Oi Andrey, obrigada pelo comentário! Sobre sua pergunta acerca da mudança de documentos… existe o ideal e o real/tangível no que se refere ao acesso aos nossos direitos frente ao jurídico. O ideal é que nossas identidades fossem respeitadas integralmente: neste sentido, o ideal seria que, antes de tudo, existisse uma lei de identidade de gênero como vigora hoje na Argentina. Essa lei de identidade de gênero se basearia na auto identificação de gênero das pessoas, assim, se alguém quer mudar o nome e sexo no documento, não é necessário nenhuma prova médica/pericial, tampouco qualquer intervenção física/cirúrgica. Contudo, aqui no Brasil a realidade não é essa… pelo contrário, temos extrema dificuldade de termos nossas identidades legitimadas, já que muitas vezes os juízes negam os processos . Diante disso, muitas vezes utilizamos de estratégias para conseguirmos mudar tão somente o nome, deixando a categoria sexo inalterada. Isso pq é mais “fácil” mudar o nome do que o sexo nos documentos. Essa é uma decisão pessoal, mas acredito que a grande maioria das pessoas trans* iria achar “menos pior” ter ao menos o seu nome retificado do que nada, já que o que realmente pega na hora da identificação (quando é necessário apresentar documentos) é muito mais o nome do que o sexo.

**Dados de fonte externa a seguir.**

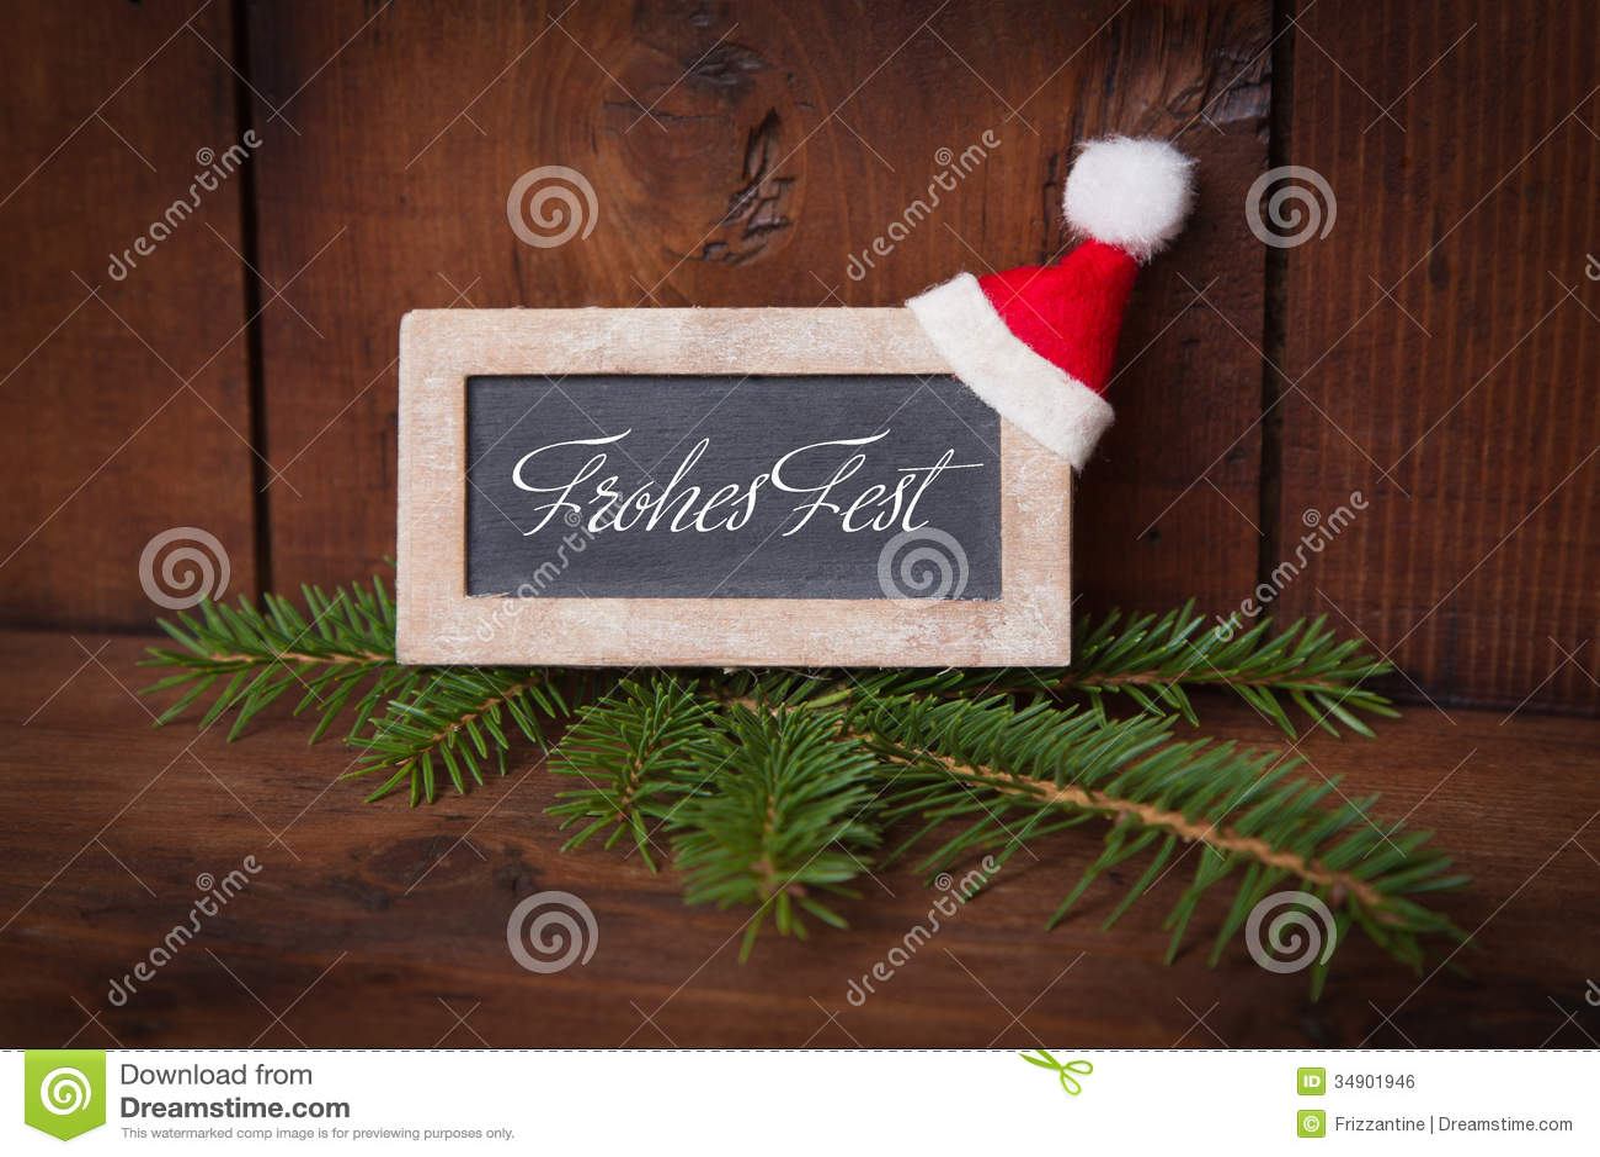 Greeting Happy Holiday On Chalkboard With Santa Hat In German La
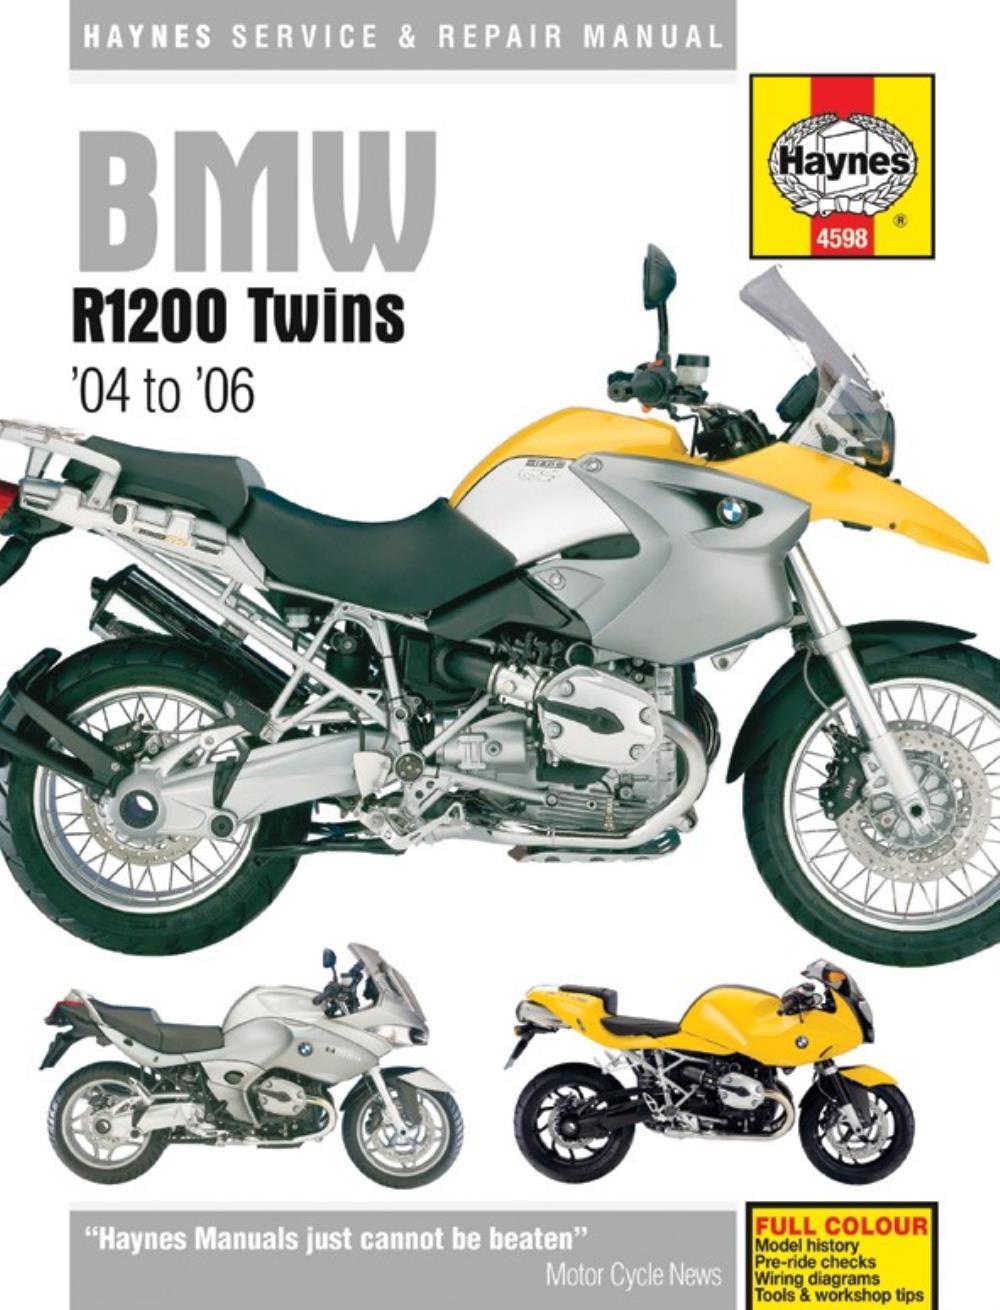 BMW R 1200 GS Spoked wheel 2004 Haynes Service Repair Manual 6281 ...

por enquanto… em um futuro próximo, o novo rg trará além do nome, também o sexo em letras maiúsculas, MAS ou FEM. será muito desconfortável para transexuais, mesmo aqueles que conseguiram a mudança de nome, mas não da categoria sexo.
Boa noite Bia
Não li toda as matérias do seu blog, mas me cadastrei. Sou formada em Direito e o meu projeto da monografia foi ‘O 3º SEXO”, assunto que muito me interessou divido as dificuldades encontradas pelos “Trans”. Não dei continuidade ao assunto (embora tenha guardado toda a pesquisa) devido insegurança abordada por alguns psicólogos e também a grande dificuldade de material. Porém tudo que abordei em pré-projeto está acontecendo hoje. Agora com muito mais segurança passarei novamente a transcrever. Comprei o livro “Menino de Ouro”, assim terei mais infusão na matéria. Portanto em outra ocasião lerei seus temas.
Abraço
Oi Bia. Me tocou muito quando você disse: ”…que pressupõe que pessoas transgêneras não podem consentir sobre suas próprias escolhas: elas precisariam sempre serem faladas por profissionais psi que desvelariam sua verdade”. Acho que seria legal colocar um link do meu Guest-post, lembra? Pois, é exatamente isso que eu vivi: Fui obrigada a ter um Laudo, para acessar minha cidadania, e xs Psis ainda ditaram que elxs só fariam o laudo, para meu NOME, não gênero. Ora, se eu quiser limpar a bunda com o laudo, é decisão minha. Como podem ELXS ditarem para o quê eu o usarei!? Elxs se aproveitam da vulnerabilidade para impor seus devaneios draconianos, pois sabem que a extrema maioria das pessoas precisa se humilhar para satisfaze-los.